It appears that we priced ourselves out of our existing market without
cultivating a new one; indeed, it appears that our enrollment growth excused a
general reduction in our marketing activity during the middle and late 1980's.
IV. The University Today
We were wounded by our unexpected growth reversal in the late 1980's; we were
not crippled by it. Why? The answer can be found in two surveys, taken at the
turn of the current decade, of students applying to and admitted by the
University -- whether or not they actually enrolled. Those surveys suggest that
we are perceived as providing (1) an education which takes matters of value and
faith seriously in (2) a core array of programs linked to occupational demand
and (3) offered by a vibrant faculty immediately, frequently, and steadily
accessible to students. Of these three, we are most praised for the quality and
accessibility of our faculty. We presently await the report of a fresh study of
our reputation, commissioned from Communicorp of Atlanta, Georgia, in the light
of which we may choose to reshape parts of our plan. It is difficult to
imagine, however, that evidence of slippage in our standing under these three
criteria would precipitate alteration in our strategy.
Values
Public interest is rising in a higher education that is oriented by a general
purpose. Some of this interest is absorbed in our region by institutions that
promise a faith-centered inoculation of belief, often Christian in character.
But it is increasingly hard to find institutions which openly suppose that the
capacity for reverence is both a necessary condition and a consequence of the
pursuit of truth by means of the unarmed mind. Ours is such an institution.
Today, the standard educational offering is infused with the modern axioms of
value relativism or even nihilism, and -- in the large places, at least -- is
proffered without particular responsibility for the atmosphere and culture in
which it is absorbed. Again, we differ; our Lutheranism presents us with a
created and therefore comprehensible world, for the welfare and understanding
of which we are responsible.

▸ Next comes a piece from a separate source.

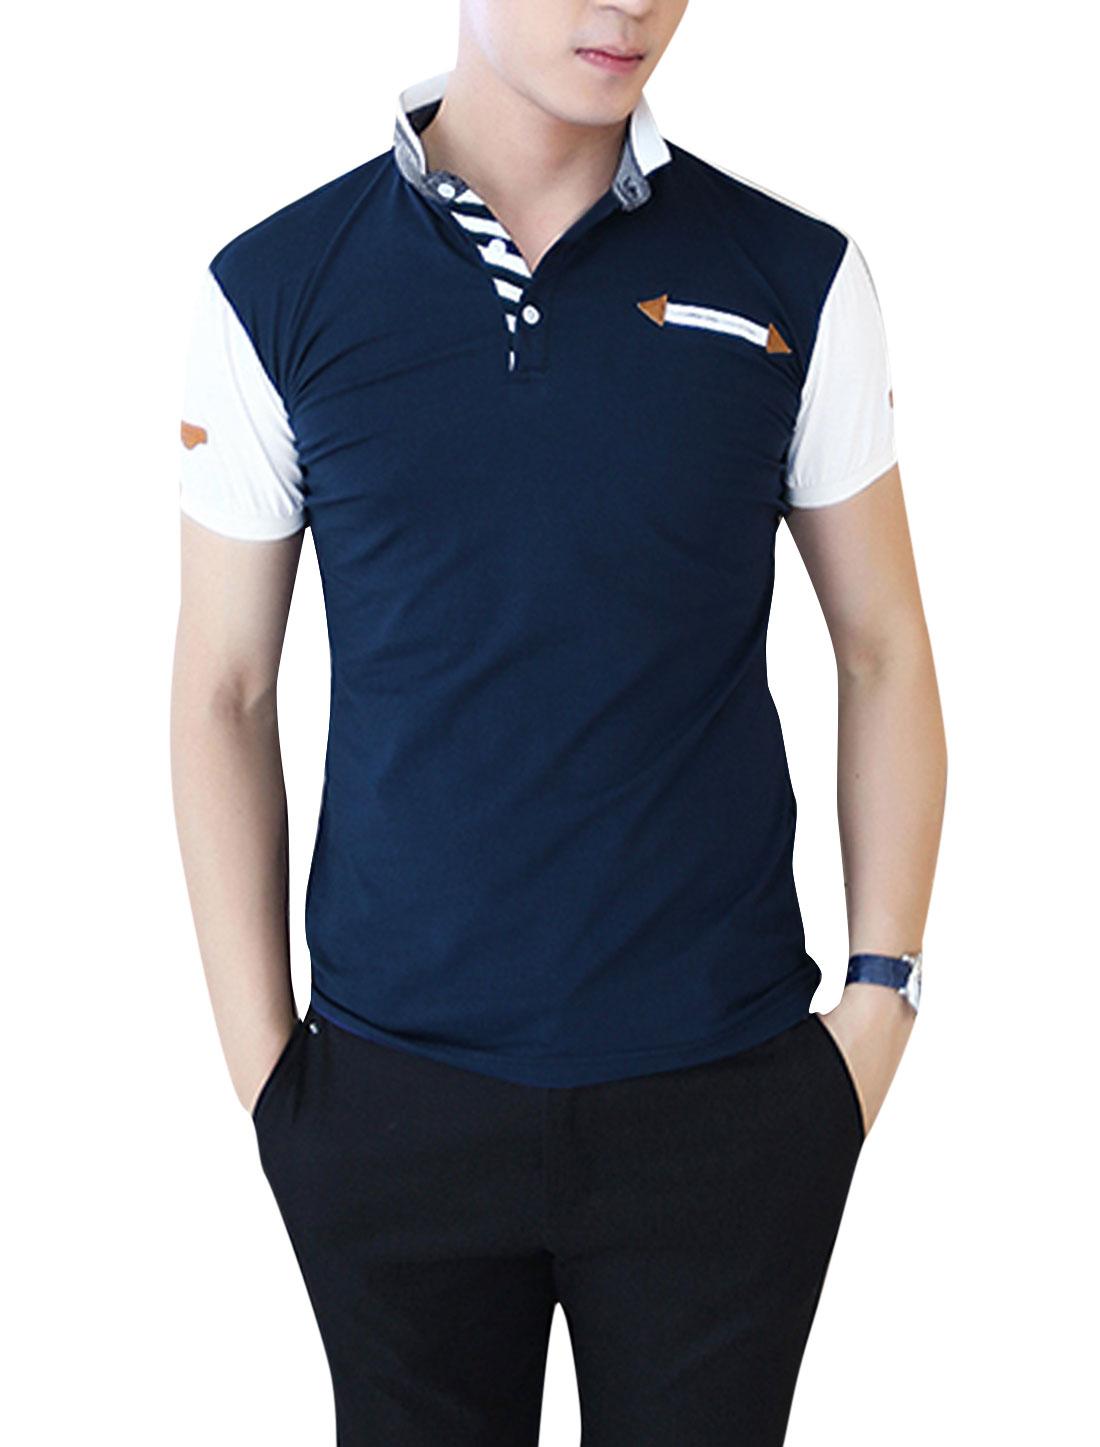 Men Imitation Leather Spliced Detail Polo Shirt Dark Blue M

Our size and residential tradition (and it is our
tradition even though about 60% of our students live elsewhere) oblige us to
develop and maintain a community which can immediately provide the advice,
nurture, and compassion which modern life so desperately needs.

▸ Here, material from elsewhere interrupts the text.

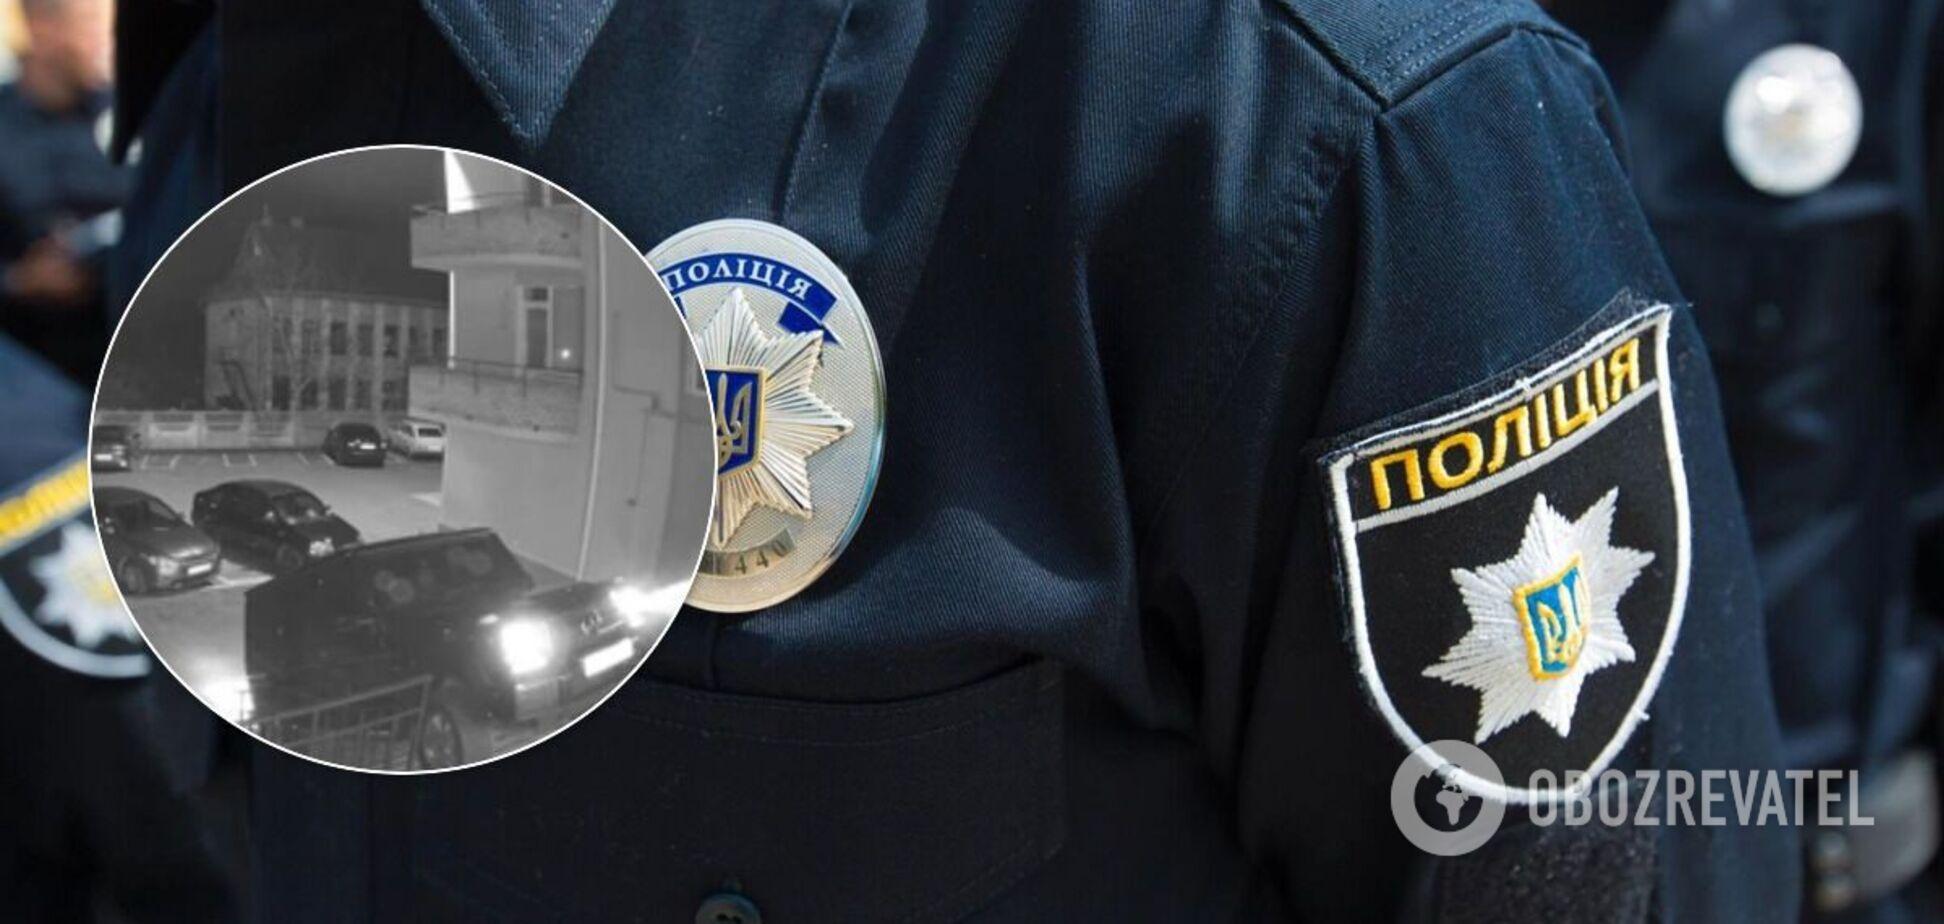 Поліція оштрафувала депутатів

Quality and Relevance of Programs
For most of our students, an important motive in seeking the education we offer
is the expectation that it will provide them with a successful and stable
occupational life. For most of them, what they are doing at PLU is not merely a
reflective hiatus between high school and post-baccalaureate undertakings. Our
programs in education, nursing, and business, for example -- at both the
undergraduate and graduate levels -- constitute our leading products for the
satisfaction of this demand. The high incidence of double and even triple
majoring at PLU suggests that even those working outside professional
programs -- in the arts and sciences, for example -- see their studies in the
same light.
Our students expect us to provide them an effective and practical education on
a schedule they can accommodate, even as they also insist that it be supplied
with sufficient attention to issues of value and faith and in a caring,
compassionate, and physically attractive environment. Increasingly, our
students realize that their desire for training in fields experiencing current
employment demand must be broadened by a new prospect, viz., that they shall
enjoy occupational success over the long run only to the degree they are
capable of thinking and even living internationally, and only to the degree
they possess skills (rather than competencies) -- for they shall shed careers
and acquire new ones perhaps as many as five times during their working
lives.
We are increasingly called upon to supply evidence of our success in respect to
these goals, and we must develop more adequate instruments to do so. How many
careers do our graduates enjoy, on average? How successful are they in starting
out in the one they chose before leaving PLU? Which skills that we helped them
to acquire appear to be of lasting value, and to which should we and they have
paid less attention?
Quality of Faculty
Beyond the fact that our faculty ranks with or above our competitors in respect
to quality and reputation according to student applicants, there is also a
recurrent report from graduates of the accessibility and caring attitudes of
our faculty.
The real proof of the quality and commitment of the faculty is in the long list
of well-known stories of members exceeding any reasonable standard of duty to
counsel individuals and organizations; to employ their homes for instruction
and discussion; to sponsor students as candidates for fellowships or on-campus
recognition; to handle individual or independent study (or even January-term
courses) as overload.
Clearly, on these three points of value and faith, occupational relevance, and
a caring and accessible faculty, we are responding in a way few of our
competitors are to powerful and conscious needs among those, especially in our
region, who seek higher education. Whatever we do, we must maintain our
commitment to these needs -- and do so even as we restore our financial
balance.
Achieving Financial Stability
The $4.5 million in operating losses we experienced from 1988-89 through
1992-93 are carried in our financial statements as a deficit. Although this
deficit (now standing at $3.8 million after our positive 1993-94 results) is
money we owe ourselves, it is perceived by our creditors as debt and therefore
should be added to the $18.5 million that we owe to others. This long-term debt
is the remainder of the $20 million the University borrowed from the Student
Loan Marketing Association in December, 1990, to refinance $14 million still
owing from construction projects finished as early as the 1970's and to obtain
funding of about $6 million for new projects.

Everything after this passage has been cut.